• We have updated the guidelines regarding posting political content: please see the stickied thread on Website Issues.
SANTA ANA, Calif. — Jurors took just an hour Thursday to convict a California sex offender of killing four women — crimes that were mostly committed while he was being tracked by GPS and that now make him eligible for a death sentence.

Victims' relatives clutched hands in the Orange County courtroom and closed their eyes while the guilty verdicts against Steven Dean Gordon were read. Some trembled and some cried.

"I can't say it's justice but it's peace. It's a little bit of peace," Jodi Estepp, the mother of victim Jarrae Nykkole Estepp, told The Associated Press outside the courtroom.

Gordon himself showed no emotion in court.

Jurors also found true special circumstances of murder during a kidnapping and multiple murders, which will make Gordon eligible for a death sentence.

A penalty phase will begin Monday where jurors will decide whether to recommend a death sentence or life in prison without parole.

Authorities said the 47-year-old Gordon and 30-year-old sex offender Franc Cano, who is being tried separately, abducted and killed four women. Prosecutors charged both men with rape but later dropped the rape charges against Gordon without explanation.

http://www.msn.com/en-us/news/crime...-found-guilty-of-murdering-4-women/ar-AAlCs9m
 
I've only just noticed something about the famous black and white photograph of the young child serial killer, Mary Bell .. the pupil in her left eye is a different size to the pupil in her right eye, often indicative of someone with brain damage .. or the effect in the photo was caused by different intensities of light from different directions causing that effect in the photograph ..

 
Although John Thompson and Terry Venables were not technically serial killers, this doesn't seem to belong in the 'kids today' or the 'strange crimes' thread ..

 
Although John Thompson and Terry Venables were not technically serial killers, this doesn't seem to belong in the 'kids today' or the 'strange crimes' thread ..

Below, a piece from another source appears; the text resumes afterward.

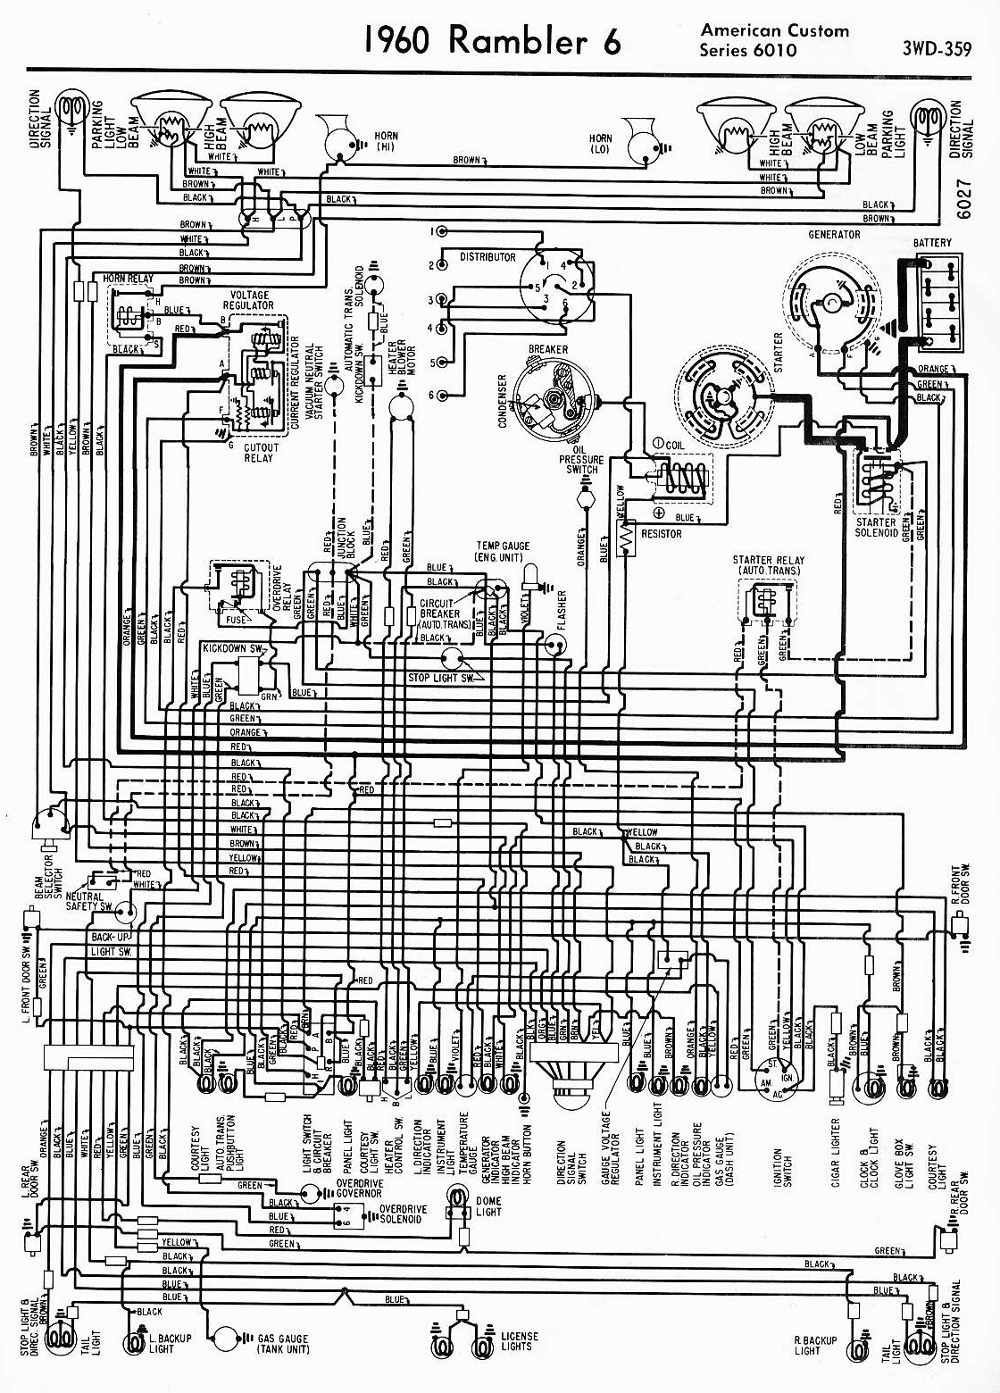 AMC - Car PDF Manual, Wiring Diagram & Fault Codes DTC

He was always a wrong 'un as England manager.
 
.. another one of these "ten of" lists .. 10 last meal requests on death row ..

 
An extremely disturbed man, after renaming himself Charles Bronson after the actor everyone got the hint that he was going to carry on being a mentalist ..

 
AFAIK, I don't think he ever killed anyone.
Attempted murder, yes.
 
Bronson is a seriously disturbed individual who is certainly capable of seriously injuring someone. He is more of a danger to himself though.
 
‘Werewolf’ of Siberia ranked among worst serial killers ever after confessing to 81 victims, says Russian media
By Fred Barbash January 12 at 4:06 AM
Former Siberian policeman Mikhail Popkov, who is already serving a life sentence for the murders of 22 women, has confessed to killing 59 more, police told the Siberian Times.

Nicknamed the “werewolf” of Siberia for the brutality of his methods — he raped women and then killed them with axes, knives or screwdrivers — Mikhail Popkov carried out his bloody rampage between 1992 and 2010 in the Angarsk and Irkutsk regions of Siberia, the paper reported. According to the state news agency Tass, he resigned as a police officer in 1998.

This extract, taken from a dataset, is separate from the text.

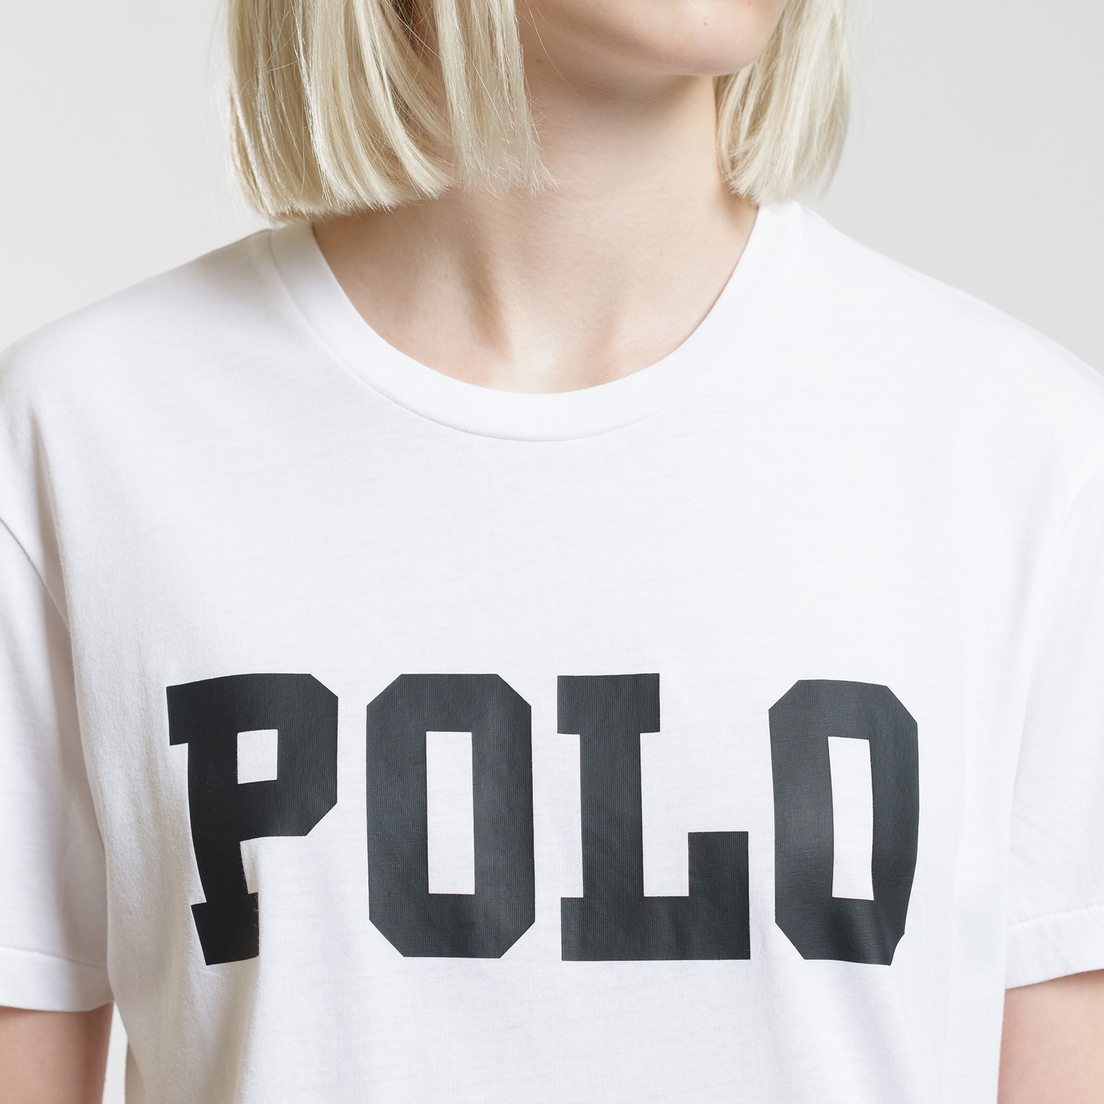 Polo Ralph Lauren Женская футболка Big Polo Print

When he was first detained in 2012, the Siberian Times said, he told police his goal was to “cleanse” the streets of prostitutes.

According to Tass, the investigation began when women kept disappearing from public places in Angarsk in the mid-1990s, at the time Popkov was a police officer. Later, authorities started finding mutilated bodies of the women around Irkutsk.

They also found tire tracks from a Niva cross-country vehicle at some of the crime scenes, which ultimately led them to Popkov.

At first he confessed to three murders.

But as police investigated, and as he began talking, the number rose to the 22 for which he was convicted and sentenced in January 2015.

Irkutsk police spokeswoman Karina Golovacheva has told the Siberian Times that Popkov has now confessed to 59 new slayings. “That means, if we add them to the earlier 22, it will be 81 murders in total.” Of the 59 cases, 47 have produced charges. “We are quite sure about the 12 other cases,” Golovacheva told the paper, and “in the nearest future we can bring charges” in the twelve others.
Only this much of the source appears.